In the 2nd century, the Fathers faced one of the greatest threats ever to confront the Christian faith and church: Gnosticism. The gnostics taught a hierarchical scale of being in which salvation meant being delivered from our status as creatures. Salvation was said to be achieved through secret knowledge. It was a threat to Christianity because it infiltrated the church and some Christians attempted to synthesize the faith with gnosticism. The theological results were disastrous. They denied the true humanity of Jesus and they posited a fundamental dichotomy between the Old and New Testaments. They regarded the God of the Old Testament as a vengeful “demiurge.” The “god” of the NT is pure love.
Why is this relevant? For two reasons. The challenge posed to the church by gnosticism and other sects was one of the stimuli that caused the church to begin speaking of an unwritten apostolic tradition rather than simply relying upon the revealed Word of God. The temptation to battle fight fire with fire, i.e., secret knowledge with secret knowledge (unwritten apostolic tradition) was intensified in the high middle ages with the rise of the Cathar movement in the mid-12th century. The Cathars re-asserted the sort of ontological dualism that the Fathers had faced in the Manichaeans, docetism (denial of Christ’s true humanity), the suggestion that the god of the OT was inferior to the God of the NT and the like.
The second reason it is relevant just now is that the Anabaptist movement picked up on some of these themes in the 1520s and they continue to percolate in the background of segments of American evangelicalism, which took an Anabaptist turn beginning in the early 19th century.
We are reminded of these things by this book review by Paul Copan of book by professor in the Anabaptist tradition, which, if the review is even only half-right, has Cathar overtones.
John Owen, in his Biblical Theology, doesn’t share your received opinion (received from the Roman Catholics who slaughtered them) on the Cathars. Cathar, by the way, is a similar name to Puritan.
David,
There were no “Roman Catholics” in the strict sense before Trent. That’s an anachronism. Yes, they and others were tried at convicted by the Inquisition (about 3 a year were killed at the height of the Inquisition; not counting the Spanish Inquisition, which was a different creature).
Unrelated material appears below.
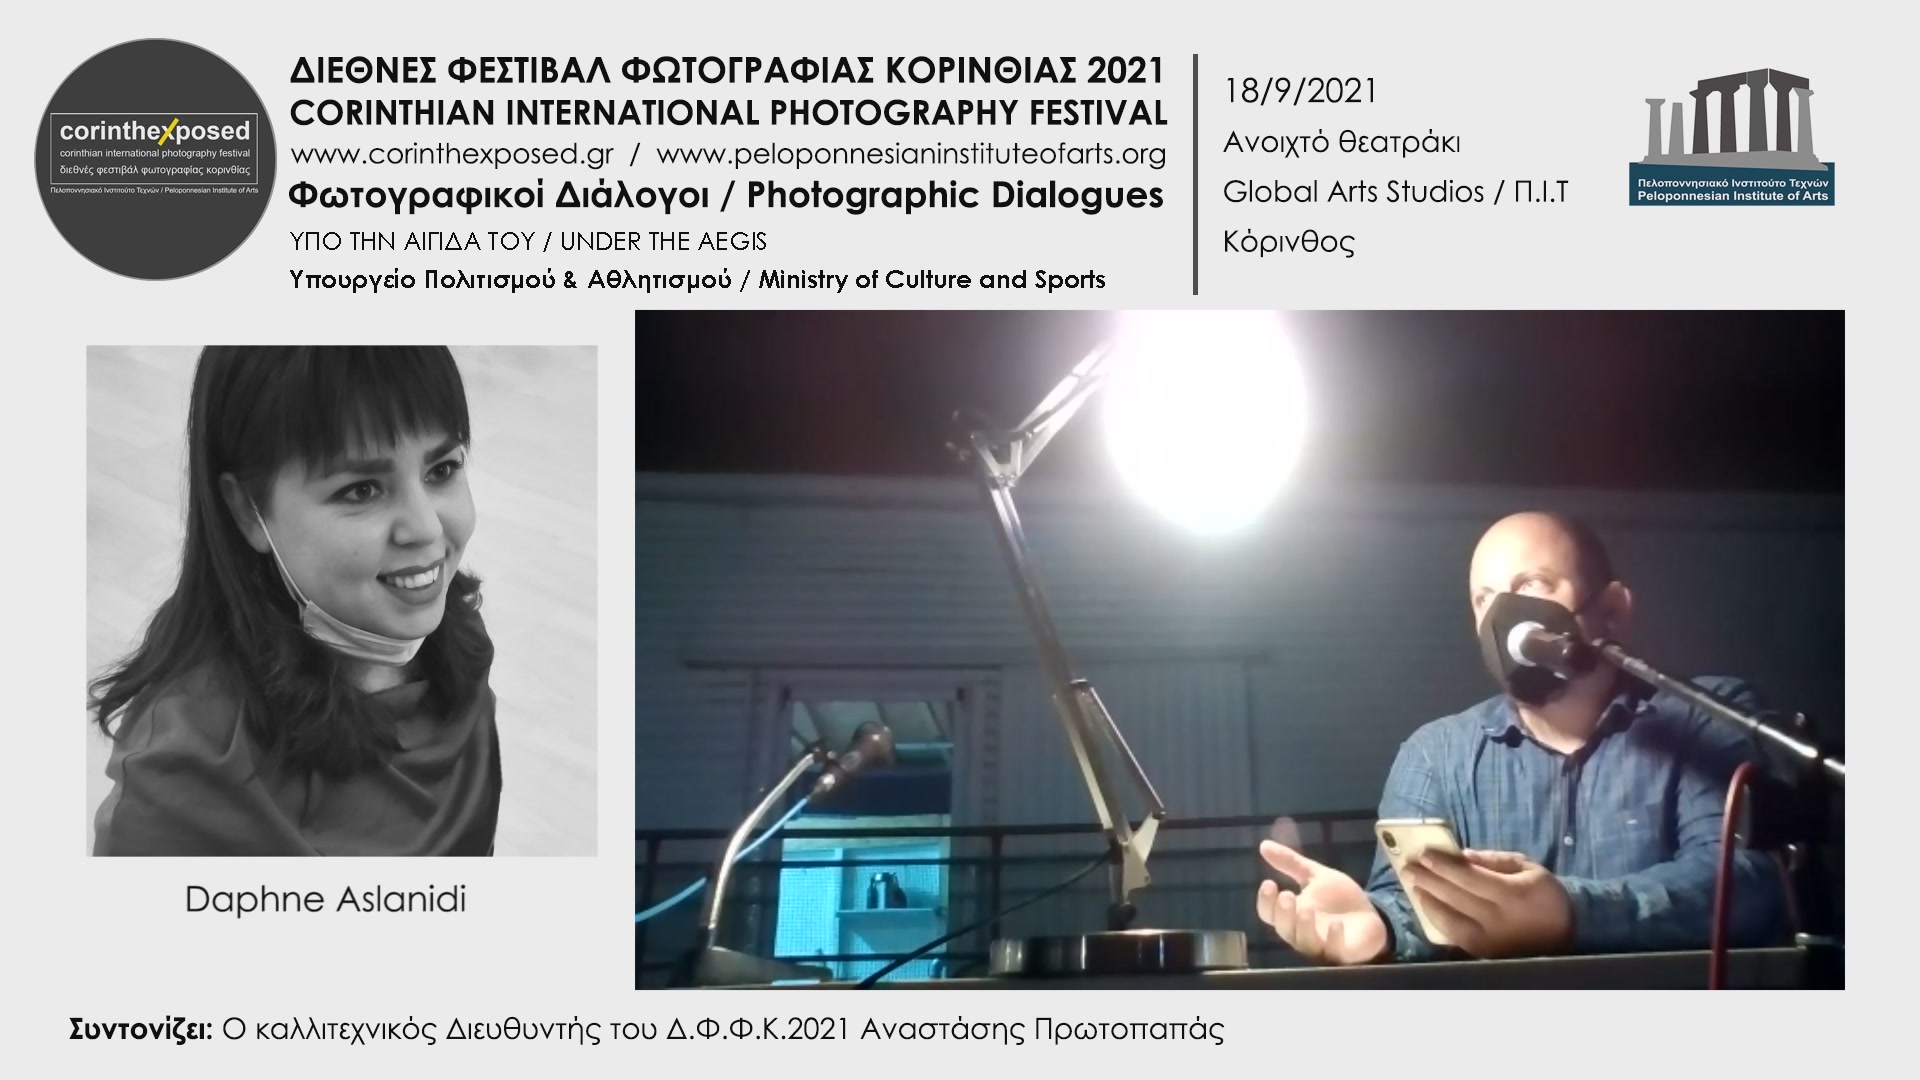 Daphne Aslanidi - Photographic dialogs 2021 (video)

Yes, “Cathar” is a Greek word for pure but it’s hugely misleading to compare them to the Puritans. I’ll check out Owen on the Cathars. The question I would have is how much Owen knew about them, what his sources were. We’ve had a few hundred years since to study them.
Oh, my goodness. I just read the linked book review. Eric Seibert is the twin of Peter Enns. He’s a liberal theologian. He is not a Bible-believing Christian. What tradition is Enns from, by the way? How long did he teach at WTS before he was kicked out?
It’s page 147 of his (John Owen’s) Biblical Theology. Quote: “I will pass over other similar monstrous lies with the simple comment that they all pale into insignificance in comparison with the slanders that the Roman pontiffs have dreamed up against the Albigenses [Cathars], the Waldenses, and other faithful servants of Christ.”
David,
Thank you. From a historical pov, the Wadenses and Cathars were rather different movements. It’s one thing for Owen to lump them together rhetorically, to pose them as victims of “Roman” cruelty (anachronistically) to score points and another for us to regard that as an accurate historical judgment.
Calvin, for example, was quite critical of the Cathars for their over-realized eschatology.